Then InstCombine can clean that up into:

define <4 x i32> @test3(<8 x i16> %in, <8 x i16> %in2) {
  %1 = shufflevector <8 x i16> %in, <8 x i16> undef, <4 x i32> <i32 3, i32 1, i32 0, i32 3>
  %2 = zext <4 x i16> %1 to <4 x i32>
  ret <4 x i32> %2
}

So it looks like the SLPVectorizer already can do this, with some tweaks.

renlin added a subscriber: renlin.Aug 16 2018, 9:03 AM

I haven't worked with the SLPVectorizer before, so would need some guidance in making the change there. Or someone could take over the change, if it's easier.

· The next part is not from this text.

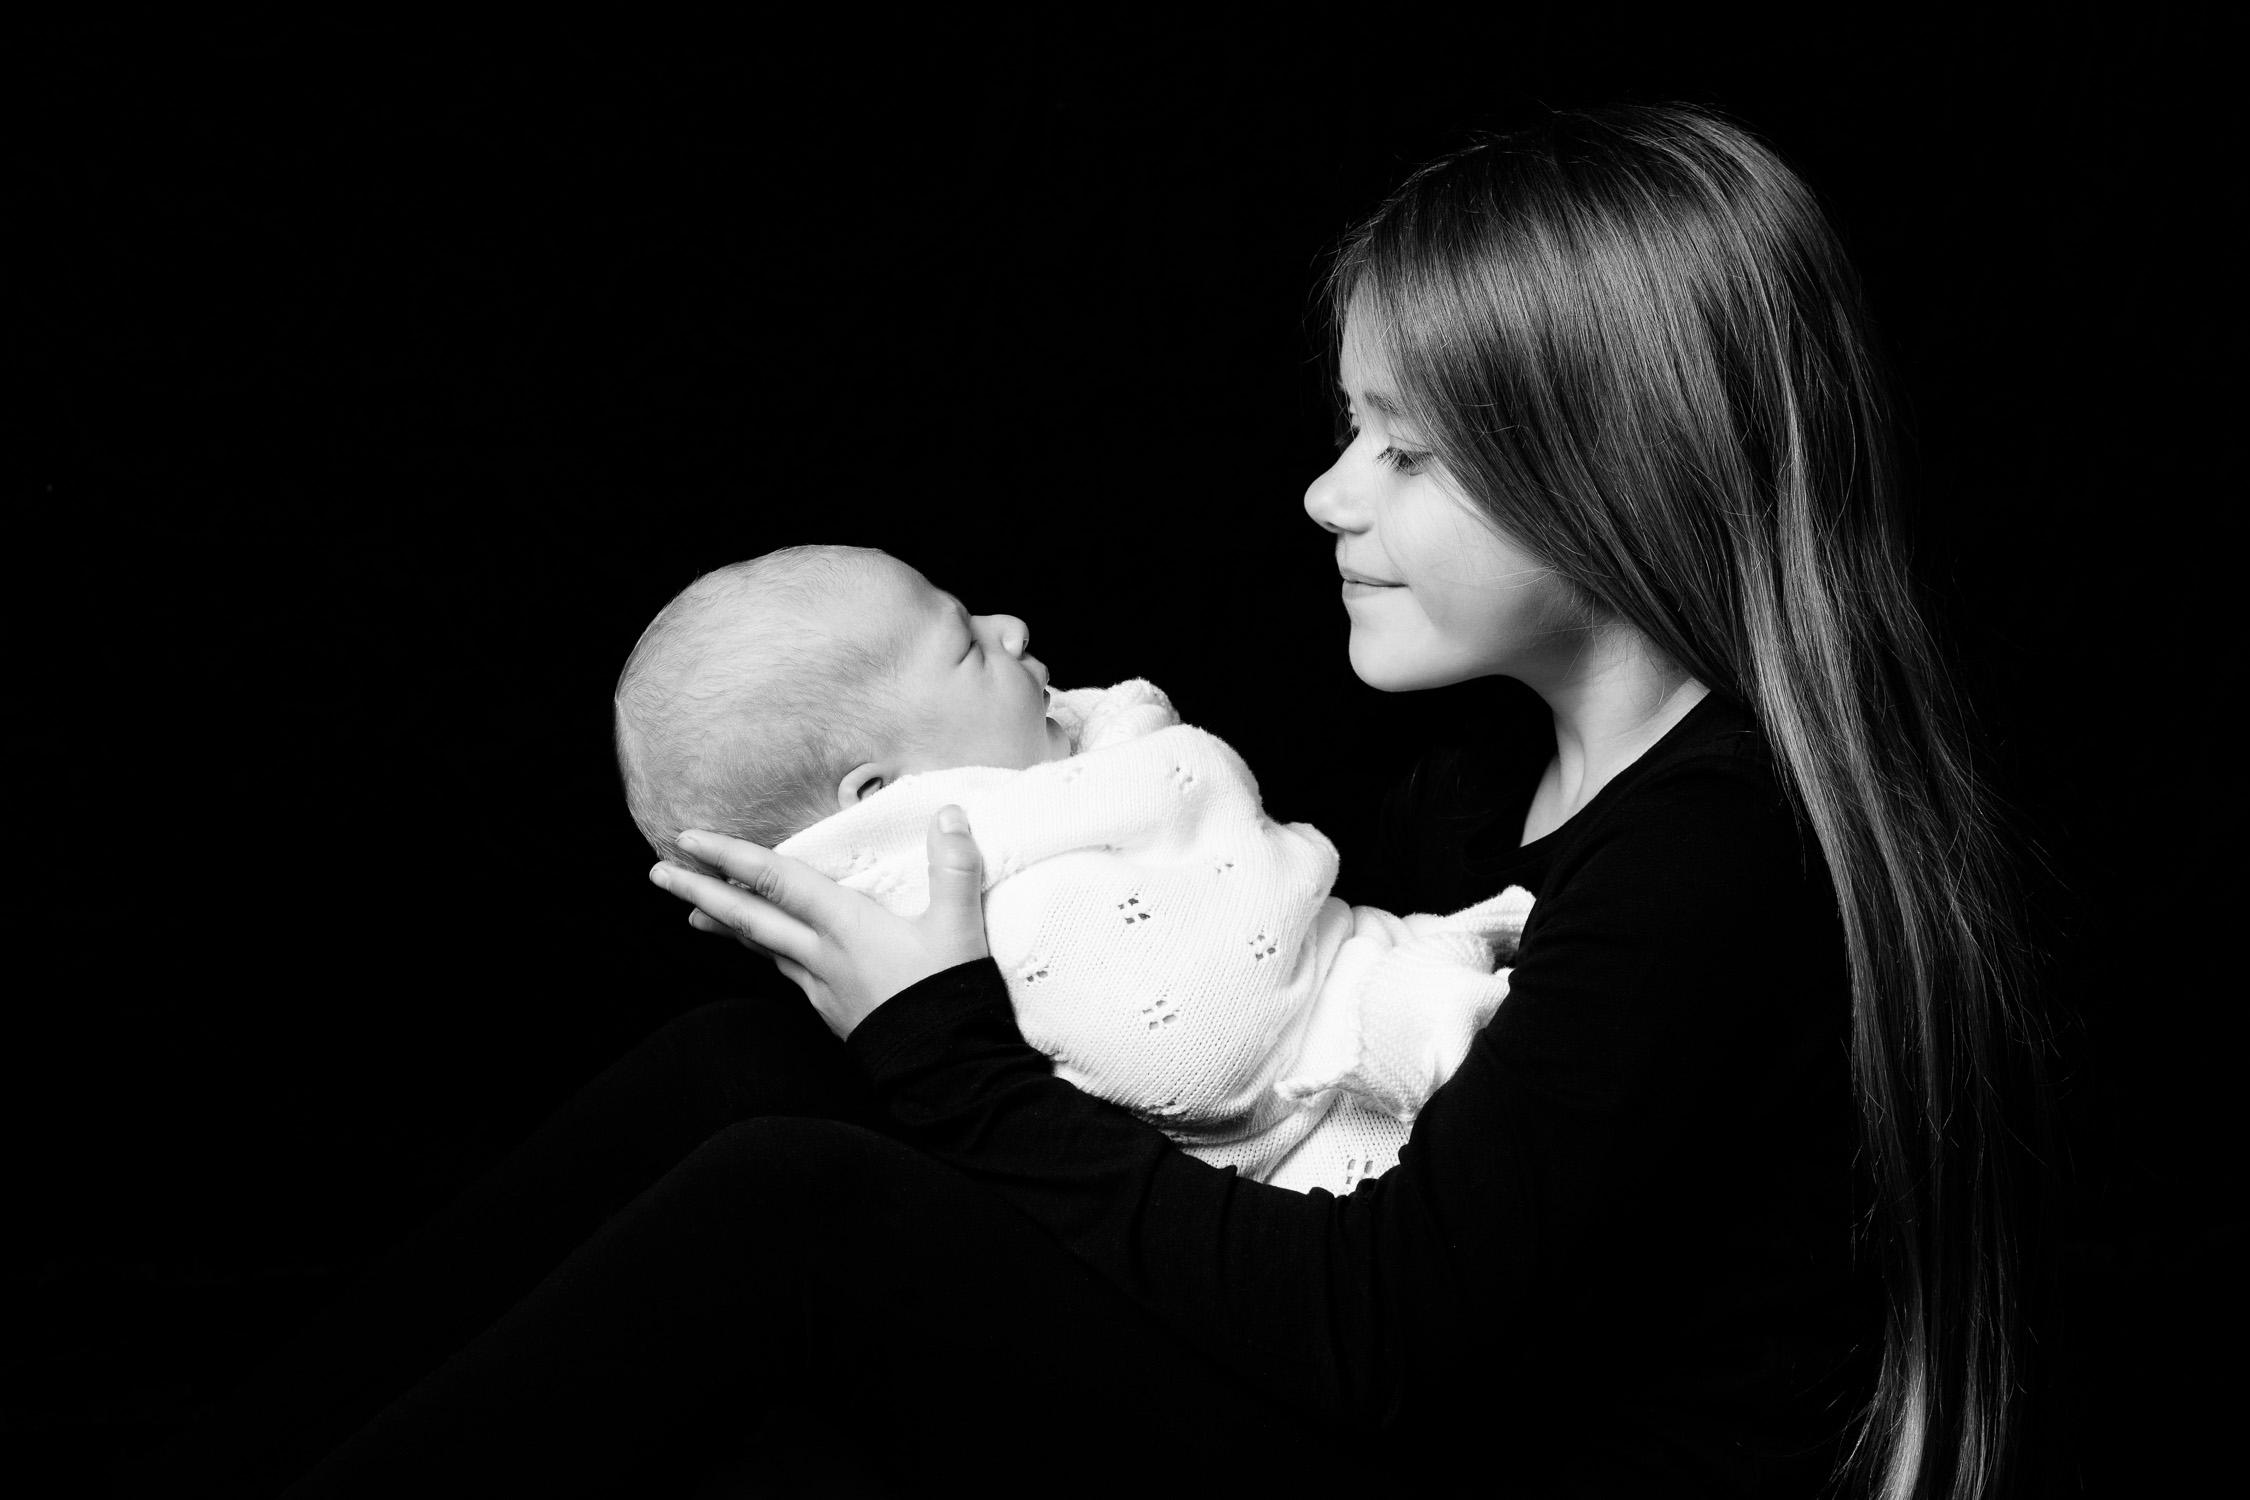 nyfødt-nyfødtfotograf-nyfødtfotografering-fotograf-hodnedesign-pål-hodne--2.jpg

I found that if I apply the following patch:

diff --git a/lib/Transforms/Vectorize/SLPVectorizer.cpp b/lib/Transforms/Vectorize/SLPVectorizer.cpp
index 32df6d58157..76103732adc 100644
--- a/lib/Transforms/Vectorize/SLPVectorizer.cpp
+++ b/lib/Transforms/Vectorize/SLPVectorizer.cpp 
@@ -2431,8 +2431,10 @@ bool BoUpSLP::isFullyVectorizableTinyTree() {
     return true;
 
   // Gathering cost would be too much for tiny trees.
+/*
   if (VectorizableTree[0].NeedToGather || VectorizableTree[1].NeedToGather)
     return false;
+*/

It seems that, the buildvector instructions are not counted in the VectorizableTree while the cost is properly included as a parameter to tryToVectorizeList.

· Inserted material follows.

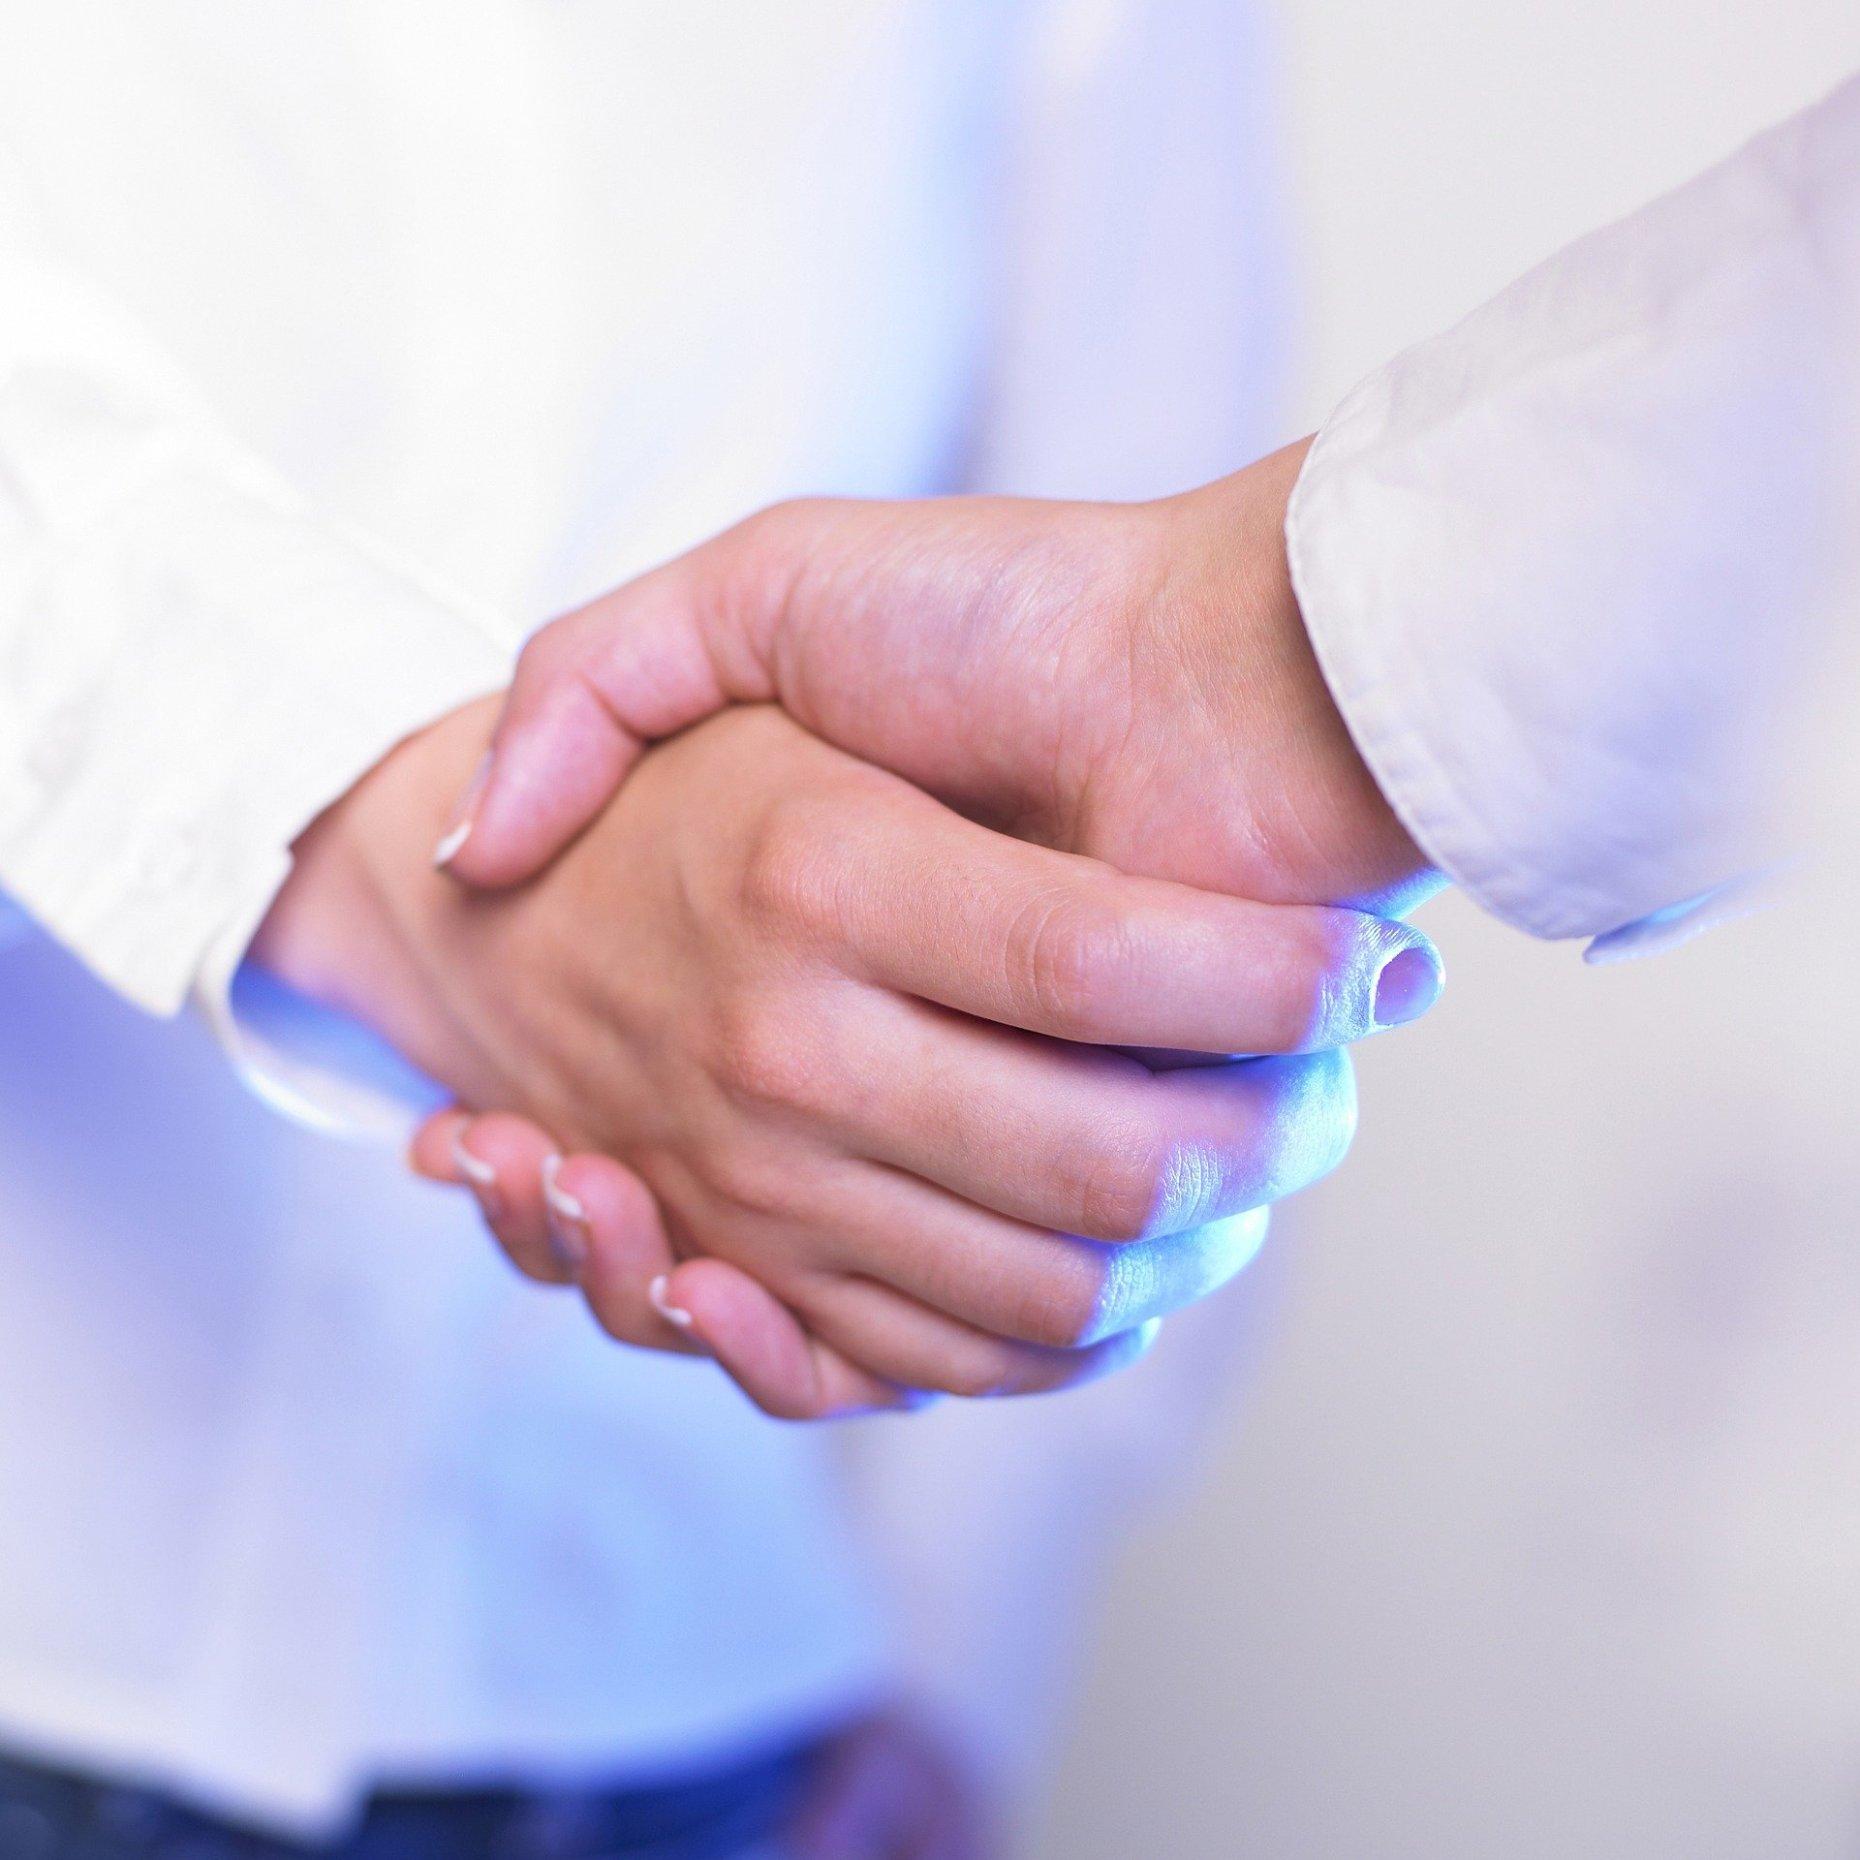 Zwei Personen im weißen Kittel geben sich die Hand.

lebedev.ri requested changes to this revision.Aug 29 2018, 2:01 AM

As discussed, most likely something for a proper vectorizer.
Removing from review queue..

This revision now requires changes to proceed.Aug 29 2018, 2:01 AM
joey added a comment.Sep 3 2018, 2:14 AM

Some guidance on how to fix this in the SLPVectorzier would be helpful. Or if it's small enough that someone else can fix it, that's fine with me too.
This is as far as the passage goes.